I switch her to speakerphone with shaky fingers and open our text messages. We haven’t exchanged more than ten since I got home. Tapping the link is easier than it should be for what I fear awaits. YouTube pops up in my browser, and the video’s headline stops my breath: Missy Mo: Pissed and All Grown Up.
“Em? I mean—Claire?”
“What the hell is this?” My voice mirrors hers now. I can’t tear my eyes from my own frozen image—hand raised and preparing to throw the Tru Lives reporter’s phone into traffic. “Who did this?”
Typing comes through the speaker, and Jenessa must be researching the video from her desktop. “The poster is anonymous, some dumb pseudonym with numbers after it. It was uploaded this morning, and I just saw a hashtag about it on Twitter. The good news is you can’t see your face, since it was filmed from behind.”
“But everyone already assumes it is me—that the headline is true?” My words are shak
y, and I feel ashamed of how much I hope she answers no.
“Yeah, I’m sorry. But we only see your back. Hard to tell who it is from that angle.”

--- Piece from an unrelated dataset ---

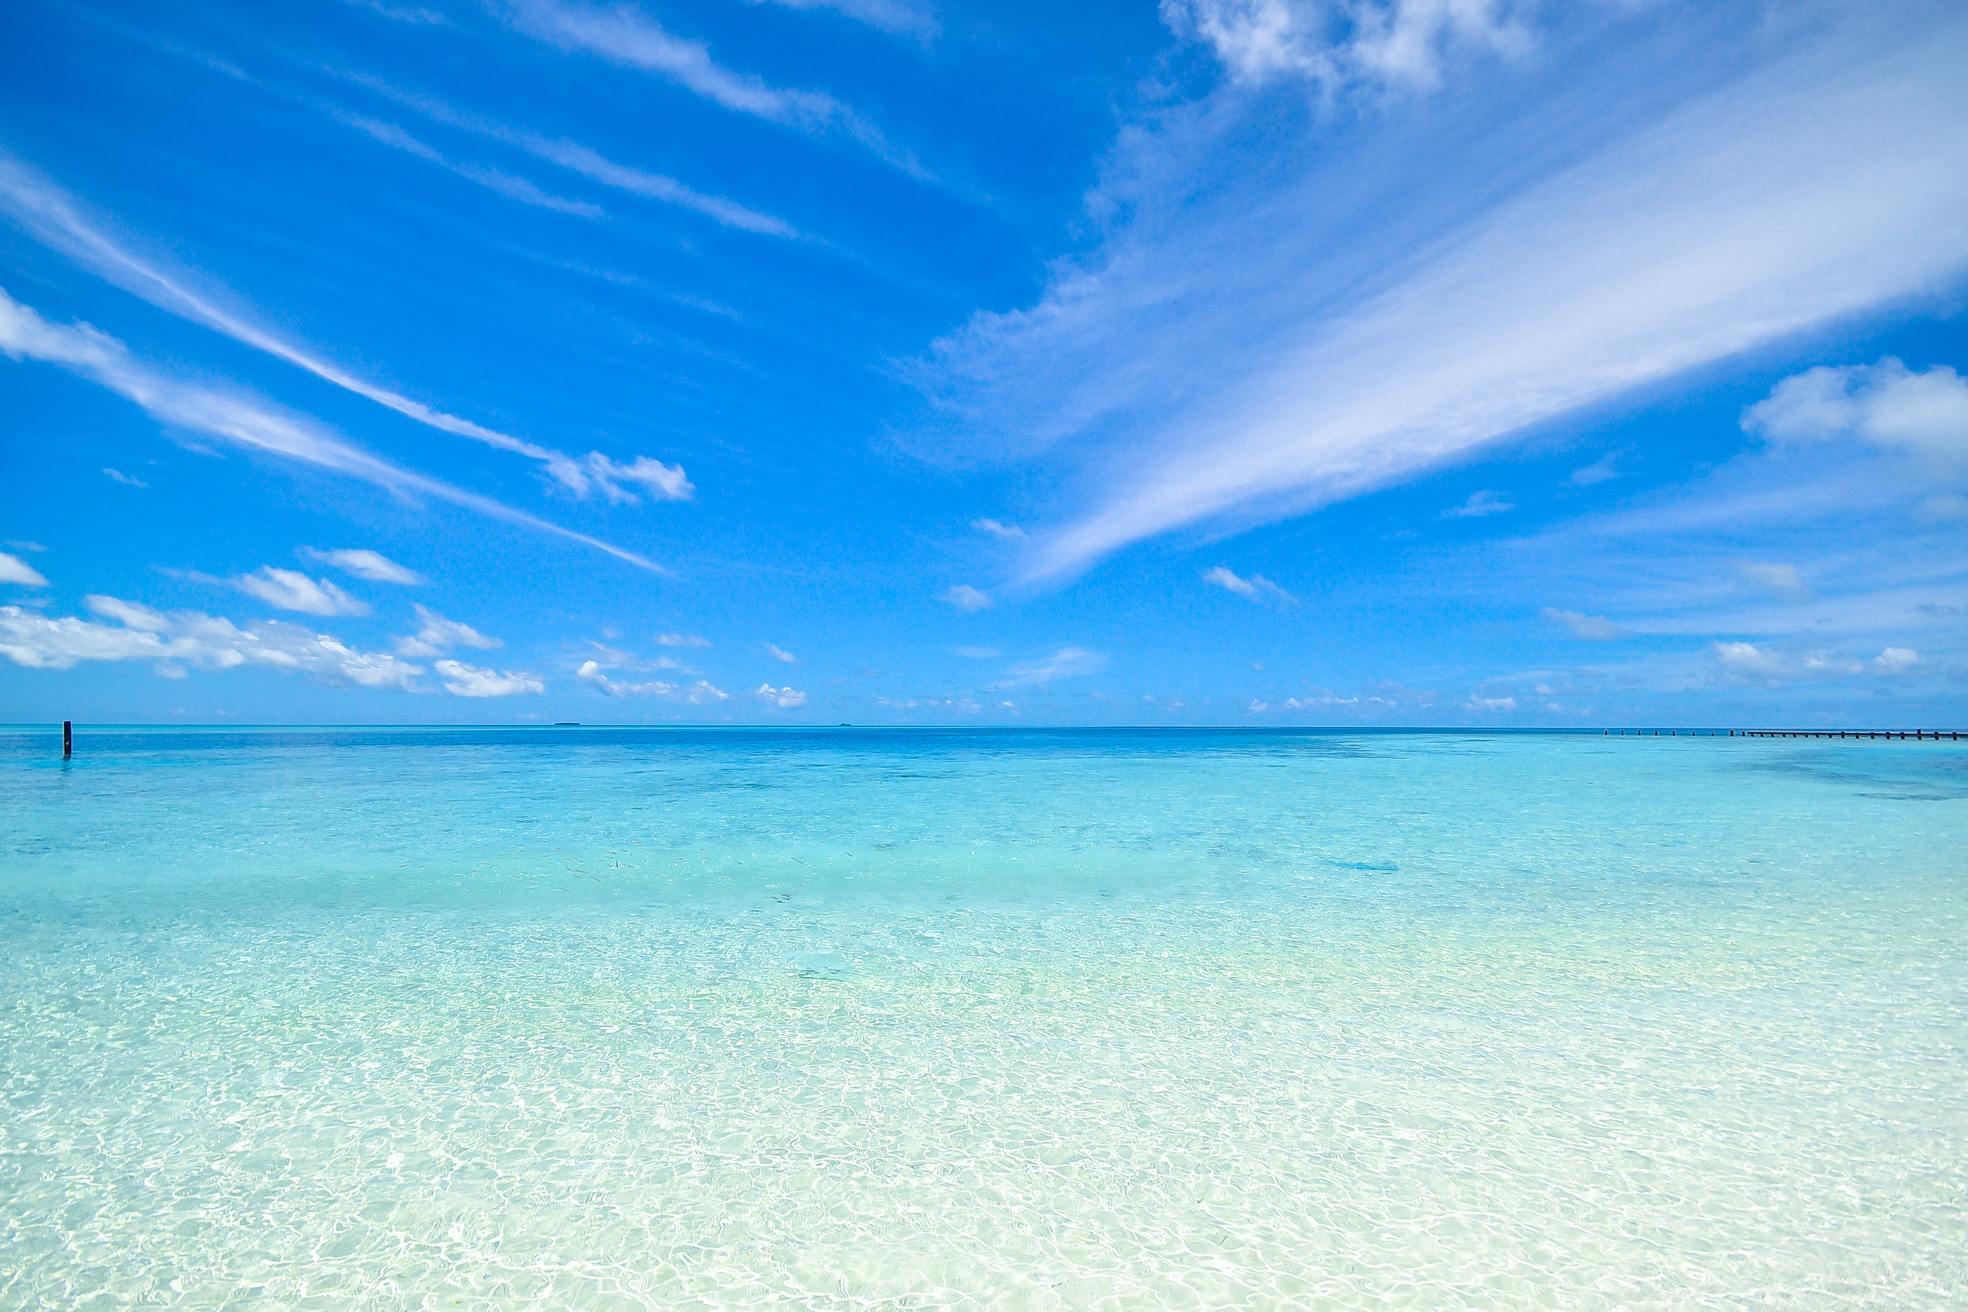 Ảnh bầu trời xanh và bờ biển

I click the “Play” button and watch my own antics from last week—so self-righteous, enraged. I approach the woman, lure her in with my calm appearance, then snatch the phone and heave it onto the freeway like a maniac. The number of thumbs-downs vastly outweighs the thumbs-ups in the comments section.
Run. You run away from those crime scenes and that case as fast as you can.
“I look insane,” I murmur, holding the phone at my chin. “Can we tell anything else about the poster?”
Jenessa types more through the phone. “Not that I know of. This is the only video uploaded by the account. What were you doing anyway? Who is that woman?”
“She’s a reporter. For some TV show. She caught me off guard.”
Jenessa snorts. “Is that why you threw her phone?”
I lift my eyes toward the low-hanging clouds. “I threw her phone because she was going to record me and expose me, and I didn’t want her to follow me again. And I was pissed.”
“Just like the video’s title.”
“Shit,” I moan. “Who was filming from around the corner? She mentioned she received a letter from Serena Delle with directions on where to find me.”
“Who’s Serena Delle?”
“A high school classmate. It doesn’t matter.” I lean against a steel lamppost, run a hand down my face. “Who would benefit from this video being published? A clip of me acting like a violent jackass but which clearly has some traction with people . . .”
Jenessa is silent on the other end, and the answer comes to me.
“I gotta go.”
“What? Who did it? Who do you think?”
“I’ll call you later.” I hang up, wishing I had another phone to throw.
The drive across downtown is quick and gives me just enough time to visualize all the ways I’m going to kill him.